Seeking to help delineate a middle ground between privacy protections and data collection, the National Institute of Standards and Technology (NIST) has published a preliminary draft of its major new set of guidelines. Called the NIST Privacy Framework: A Tool for Improving Privacy through Enterprise Risk Management, the publication has been posted in the Federal Register, and NIST is seeking comment from any and all concerned parties.
In announcing the publication, NIST noted that it’s based on almost a year of “extensive public conversations,” and explained that many industry stakeholders had asked the standards body to align the Privacy Framework with its already issued Cybersecurity Framework. NIST has taken these suggestions to heart, and says that the two Frameworks are aligned “both structurally and conceptually, and they are designed to be used together.”
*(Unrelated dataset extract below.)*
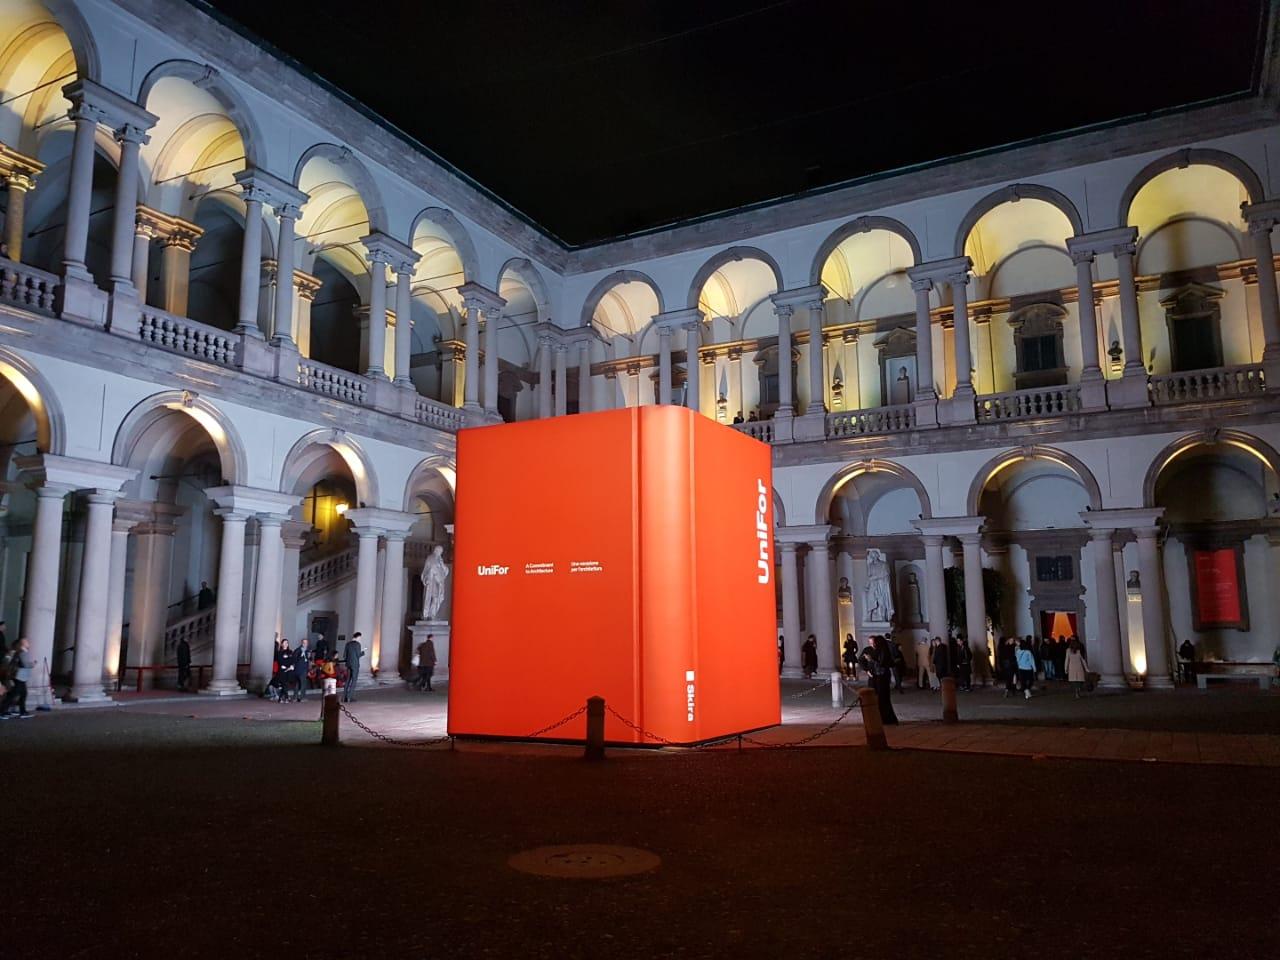 La empresa Uniform cumplió 50 años y festejó en la pinacoteca di Brera en Milan
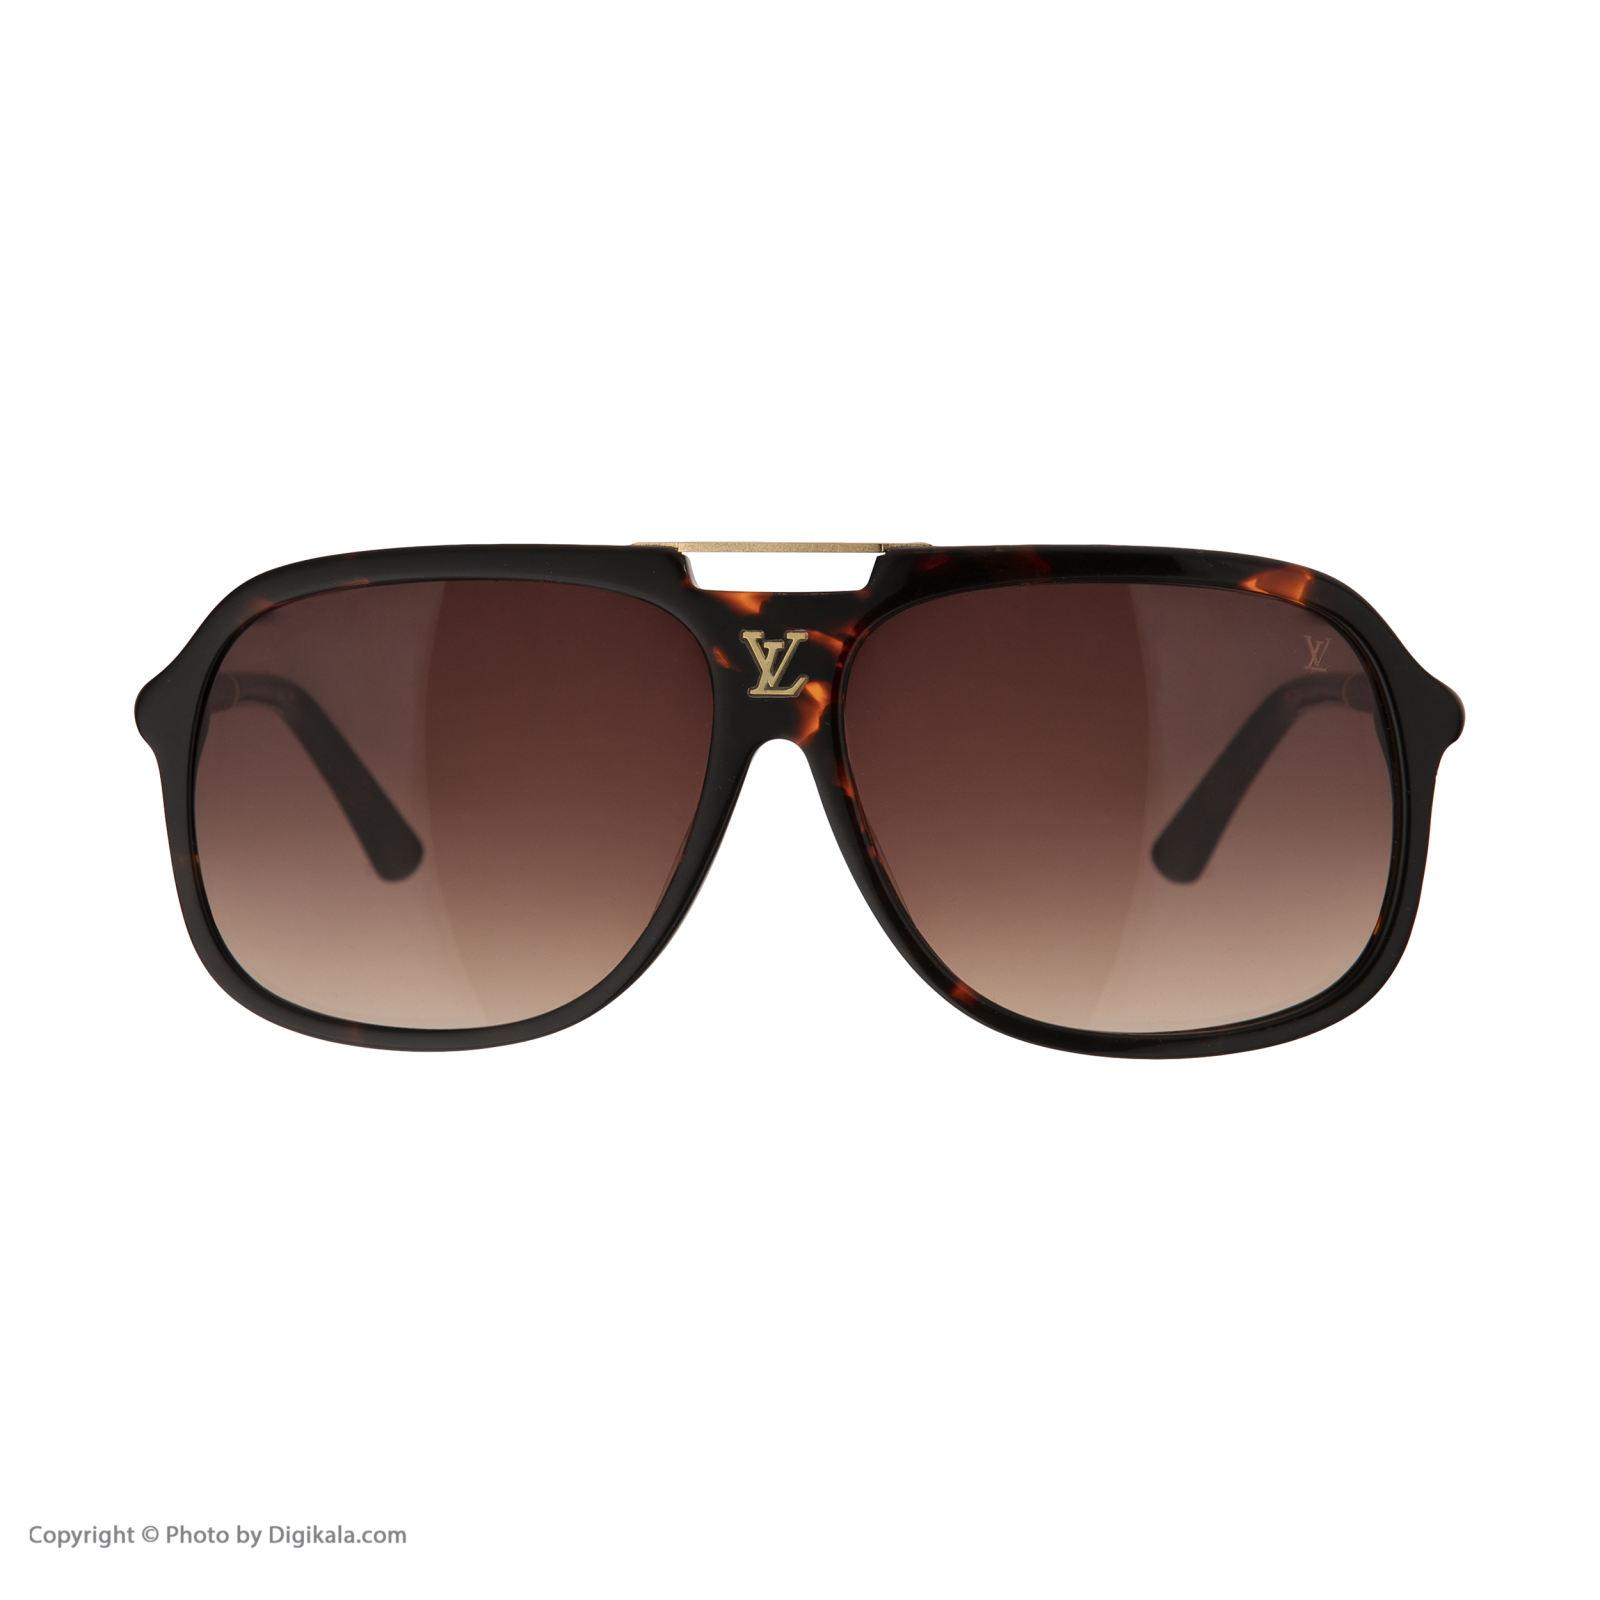 عینک آفتابی لویی ویتون مدل 2977 -  - 3

Like the Cybersecurity Framework, the new Privacy Framework is built around three key parts. The “Core” lays out a set of potential privacy protection activities an organization can undertake and prompts its management to establish their goals, while the “Profiles” section is designed to help organizations determine which activities they should pursue to meet their goals; finally, the “Implementation Tiers” section is aimed at helping organizations to figure out what kinds of resources they really need to invest in managing privacy risks, bearing in mind that a small company won’t necessarily need to spend the kind of money that, say, Facebook ought to put into privacy protections.
NIST is currently inviting public comments on its draft Privacy Framework, with the window to remain open until 5:00pm EDT on October 24th. From there, the organization is hoping to have version 1.0 of the Framework published by the end of this year.